Like all summer...well, actually longer. I was listening to a sermon recently that talked about longing...longing to join in. It used a swimming analogy about adults wanting to get in the pool but instead sitting on the side. I don't know if that's how I've been living...I would compare it more to a night swim I took this summer. I got down to the lake and two of my friends were already in the water -- swimming and splashing. Another friend and I got ready to get in...she jumped off the dock with a shriek...and I walked down to the shallow end and waded out. I watched them splash around and have fun and longed to join them. But I just wasn't sure if I wanted to get completely wet. I waded out to my stomach. You know, to the point where the water laps at your belly button and your abs seize up to try to stay out of the frigid lake. Yup. And I just hung out. Eventually, I waded out further, and finally, dipped my head back...everything had at least been wet once except my face...and then I slowly and hesitantly swam out to join my friends. Lately, I've been wondering where exactly I'm at in that analogy with my faith...with my understanding of God and His incomprehensible awesomeness (or at least in an area of it). I know I got to the point where I was out to my waist and watching everyone...and when I was talking with God that night. I thought that would be me dipping my head back into the water, allowing me to start a hesitant swim out to my friends. But with the way the past couple weeks have went. I'm not sure anymore. I don't know. I feel more secure and more connected to God than in the past. I don't feel as swayed by all the struggles and temptations and lies...but at the same time...U hate that they're getting to me at all. Maybe I haven't made much progress after all. Blargh!
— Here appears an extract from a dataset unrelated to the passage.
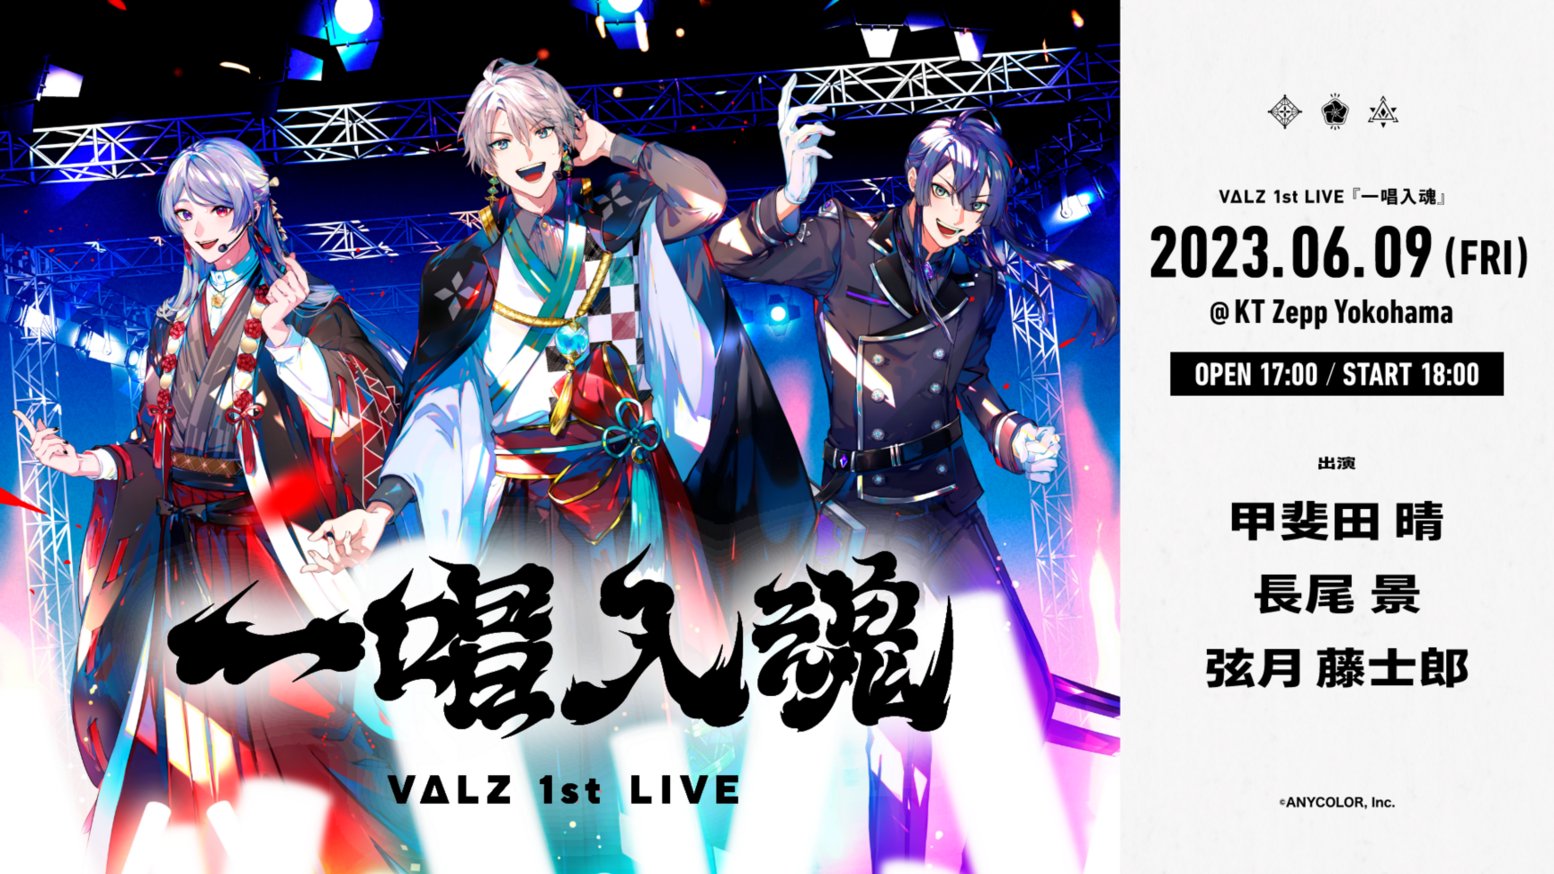 【FC先行チケット受付開始】VΔLZ 1st LIVE『一唱入魂』

This brings me to another song I've been loving lately. At one recharge, when I was feeling especially overwhelmed, I was listening to my Pizzle (that's iPod for those who don't know me) and "Relearn Love" by Scott Stapp came on. The lyrics that stood out most to me were:
"The comfort of your arms around me
Your tender hands caress my head
I lay beside you I'm not worthy
This jaded man's not who I am
I touched the flame and I've been burned
All I need's a second chance
Give me eyes of a child
And teach this man to relearn love
Teach me all over, all over
To relearn love
Show me again…"
This really got me thinking about a lot of things. Do I really know what love is? I hear the word and use the word, but do I really understand it? God's love...it's not like the "love" I've known from others...it's not something that comes and goes. Isn't there something in like Hosea that talks about God's love being steadfast...steadfast. It's not like certain people in my past who, at some point, stopped meaning "I love you" though they continued to say it. And it's not like others who say "I love you" only when I do something right or like they wanted. Or like others who "love me" so that I can do _____ for them. God doesn't "love" me because he has to or because he just feels so sorry for me that he thinks it might brighten my day (though it does brighten my day). It's steadfast...unconditional...unchanging...complete...perfect...That's hard to understand but so good to know. Because while it doesn't make sense to me...I'm so thankful to know that while I feel buffeted or tempted or even when I make a poor choice or fail to love Him back...God is right there loving me...whether I realize it or "feel" it or not. That's a big deal...and something I'm only beginning to understand in any type of real way...but something I'm wanting to learn.
Hmmm...with all that hope...I think this train of thought has completed it's journey. Yup.